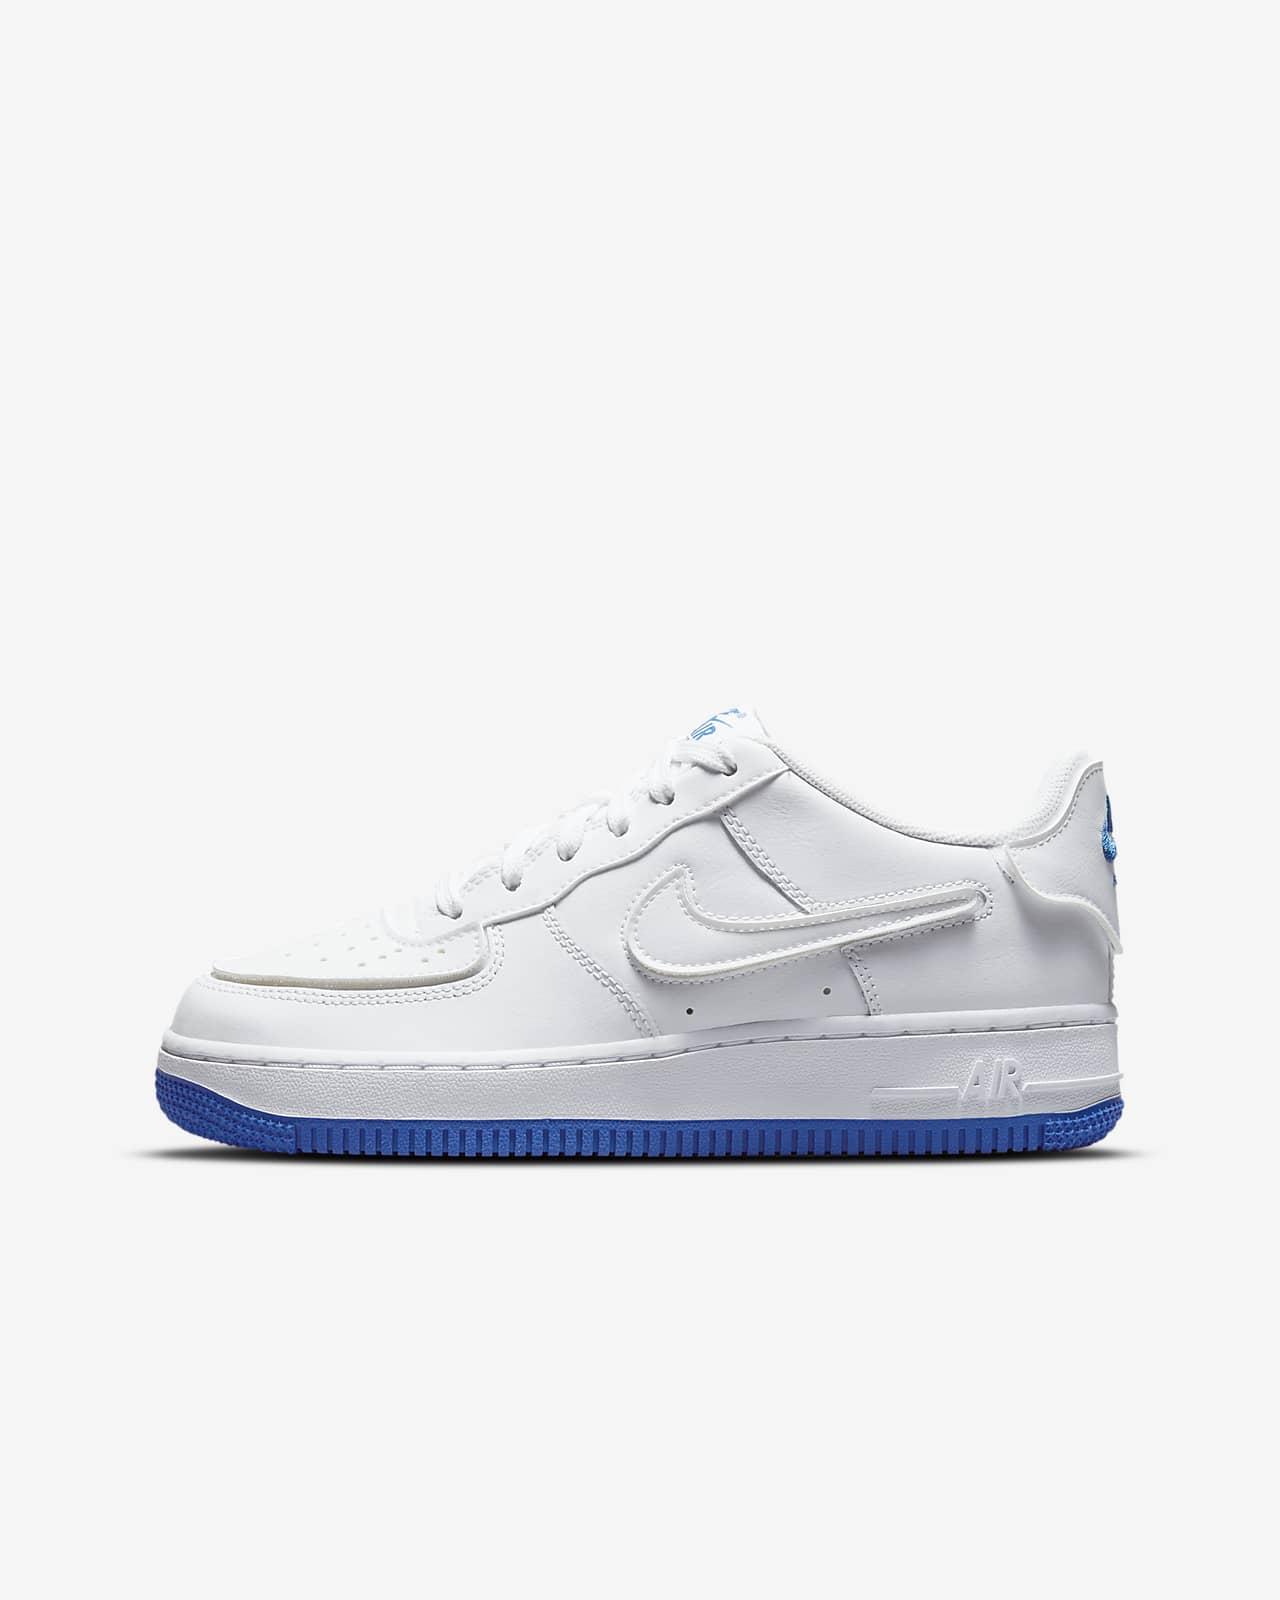 Nike Air Force 1/1 Schuh für ältere Kinder
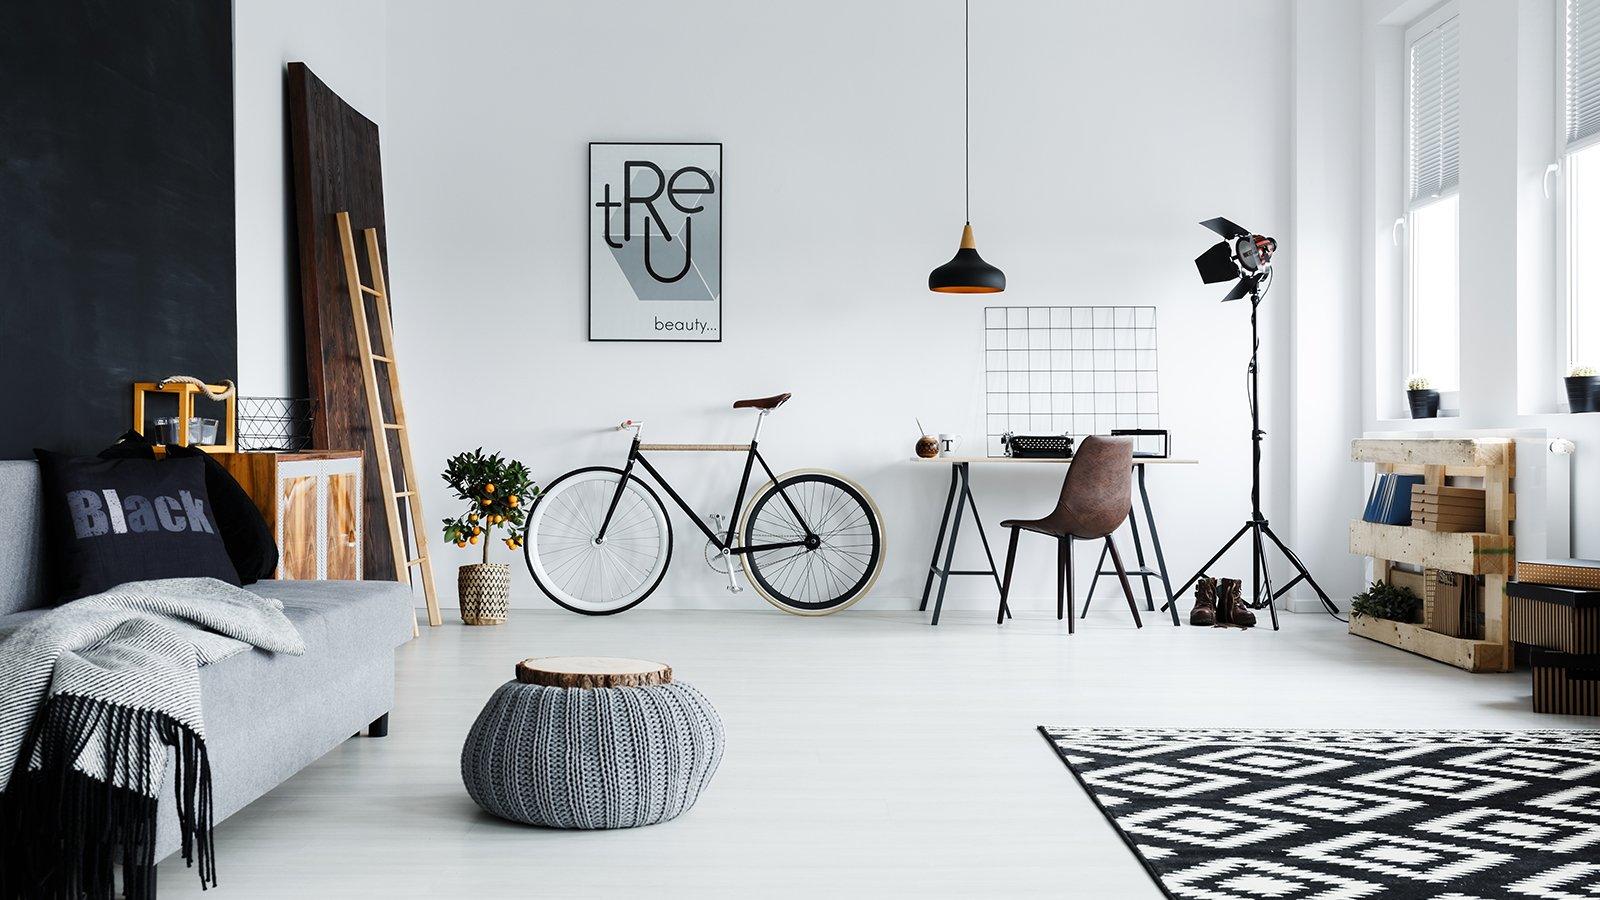 Modern spacious studio apartment with sofa, bike and desk
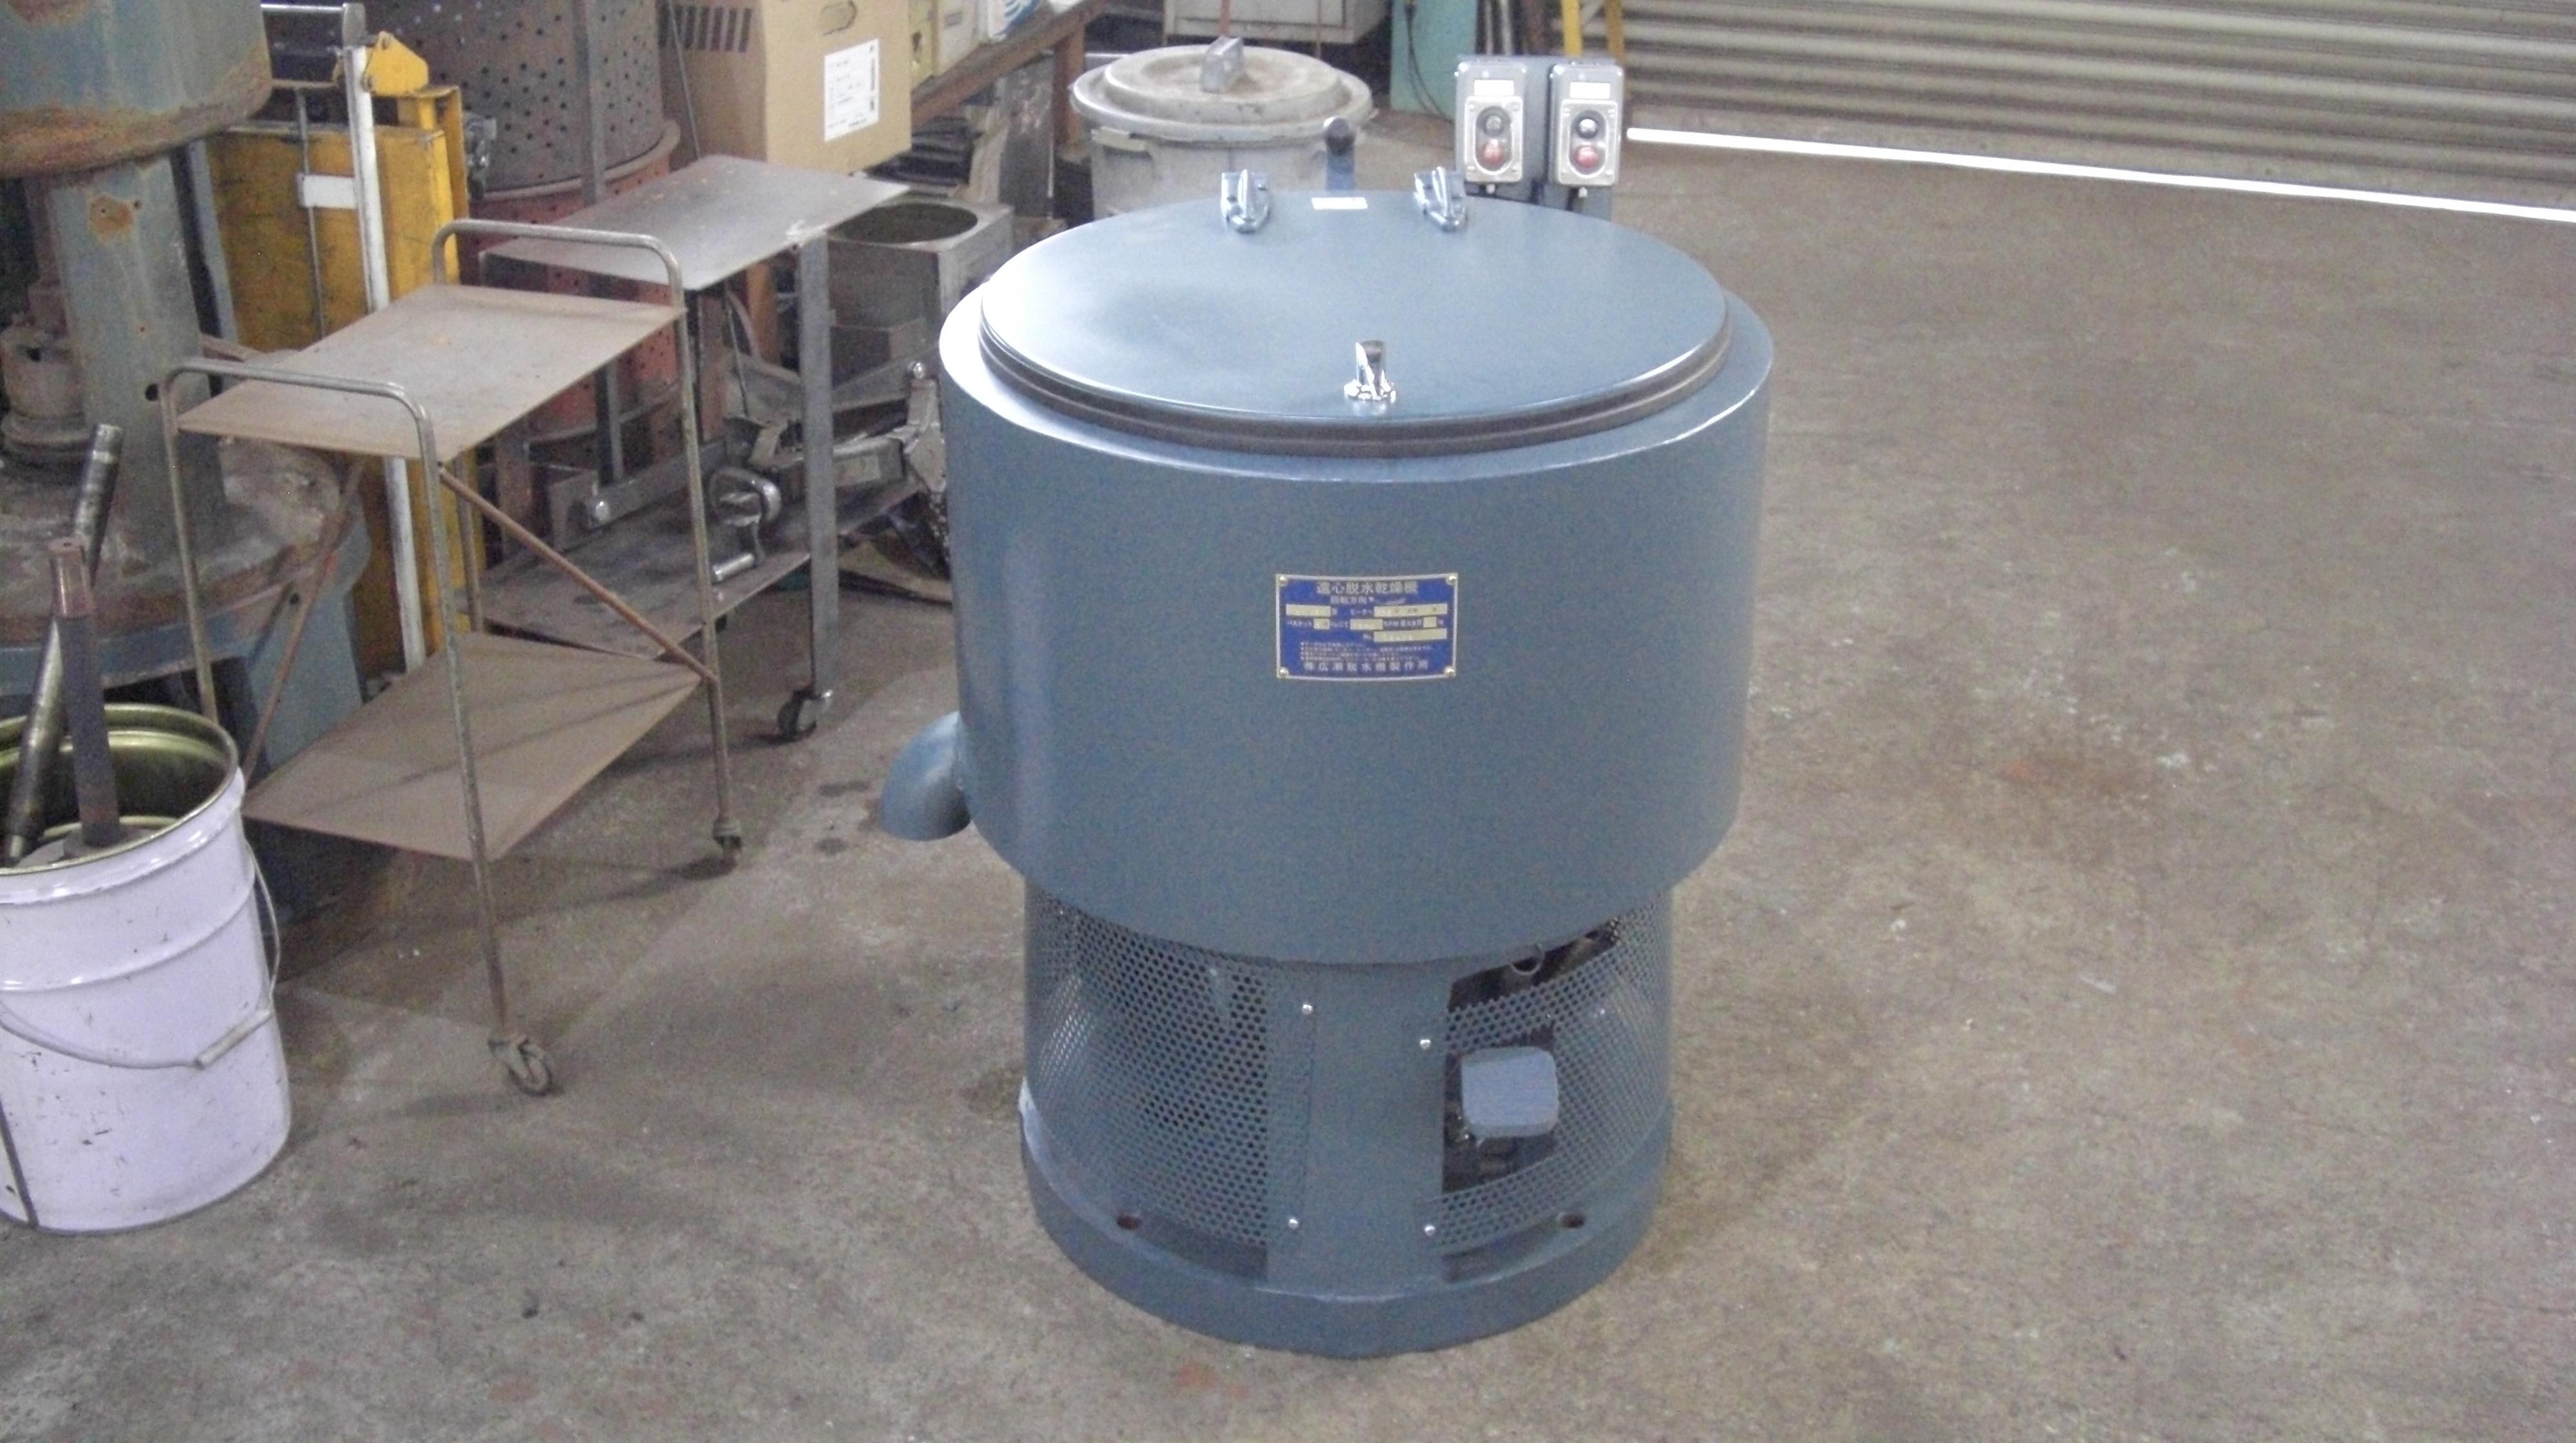 遠心分離乾燥機 ボス型 NB-45N型 容量38L

## [Work instructions]
Once the line containing "Modern spacious studio" is found, transcribe it and the rest of the lines to the end of the listing above exactly, omitting all pictures.

## [Solution for this problem]
 Modern spacious studio apartment with sofa, bike and desk
 遠心分離乾燥機 ボス型 NB-45N型 容量38L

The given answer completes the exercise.